Full text justification does not work well on web pages for two main reasons:
the way we actually read text when we're viewing it on screen
the way browsers handle text justification
Text is more difficult to read on screen than it is in hard print because of differences in monitor resolution. Furthermore, even though it is not obvious to most internet users, the image on the screen is not totally static; in fact, it is constantly being refreshed. Different types of formatting that include inconsistent spacing may make it difficult to read words, phrases and paragraphs.
Internet browsers such as Firefox, Internet Explorer, Safari are not very good at handling justification and displaying justified text (and each browser’s display may differ), and your website visitor is likely to be presented with text and spaces between words which varies a great deal. In printed text, justification tends to result in a more subtle variation in spacing.

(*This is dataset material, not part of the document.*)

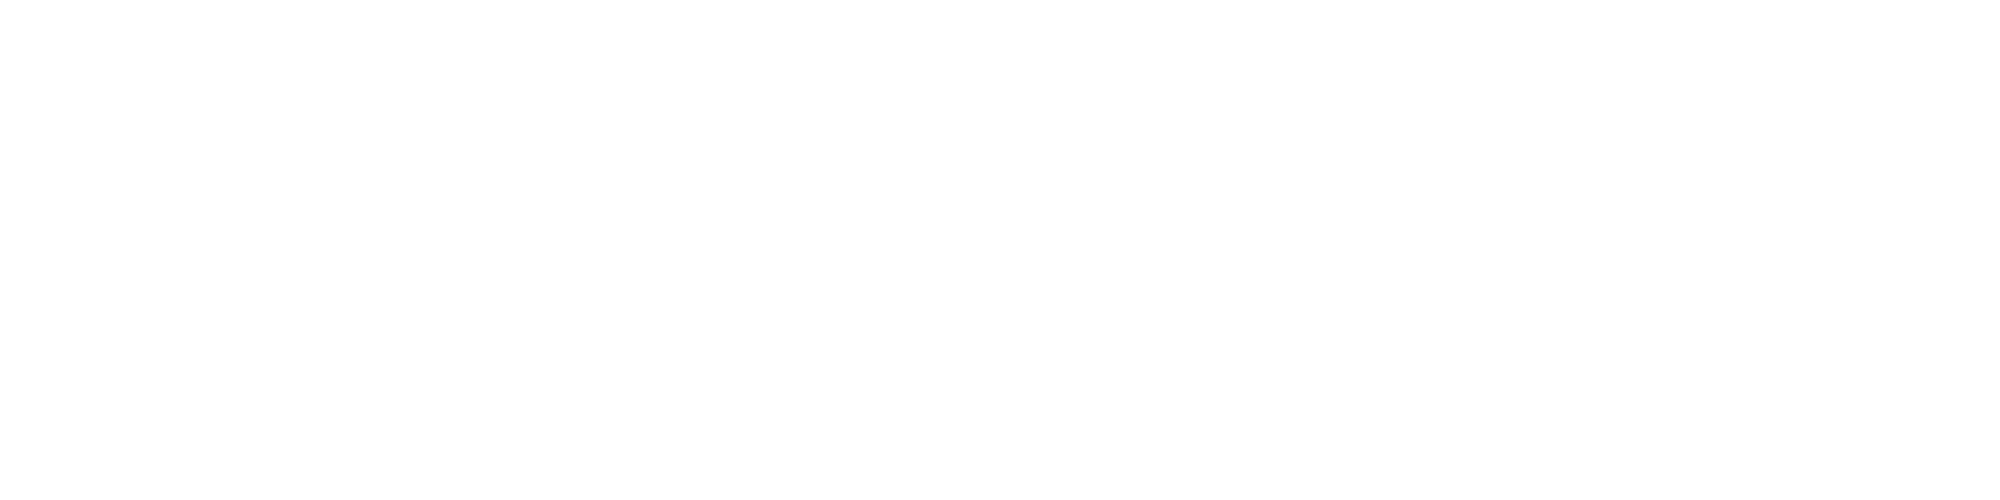 Vox-ELectronics-Baileys-Audio-Lake-Charles-Louisiana-Audio-Services

The extreme variation in the spacing online makes the text more difficult to read - instead of the eye being able to move smoothly from one word to the next, it has to move in "fits and starts," searching for and jumping to the start of each word.
You would be hard pressed to find a major website that utilizes full text justification because of the usability issues it raises. The New York Times, CNN and the website for the Supreme Court of the United States are perfect examples. So while the edges of your text blocks may not be perfectly neat, avoiding justification will ensure that all website visitors able to read and comprehend the information on your site.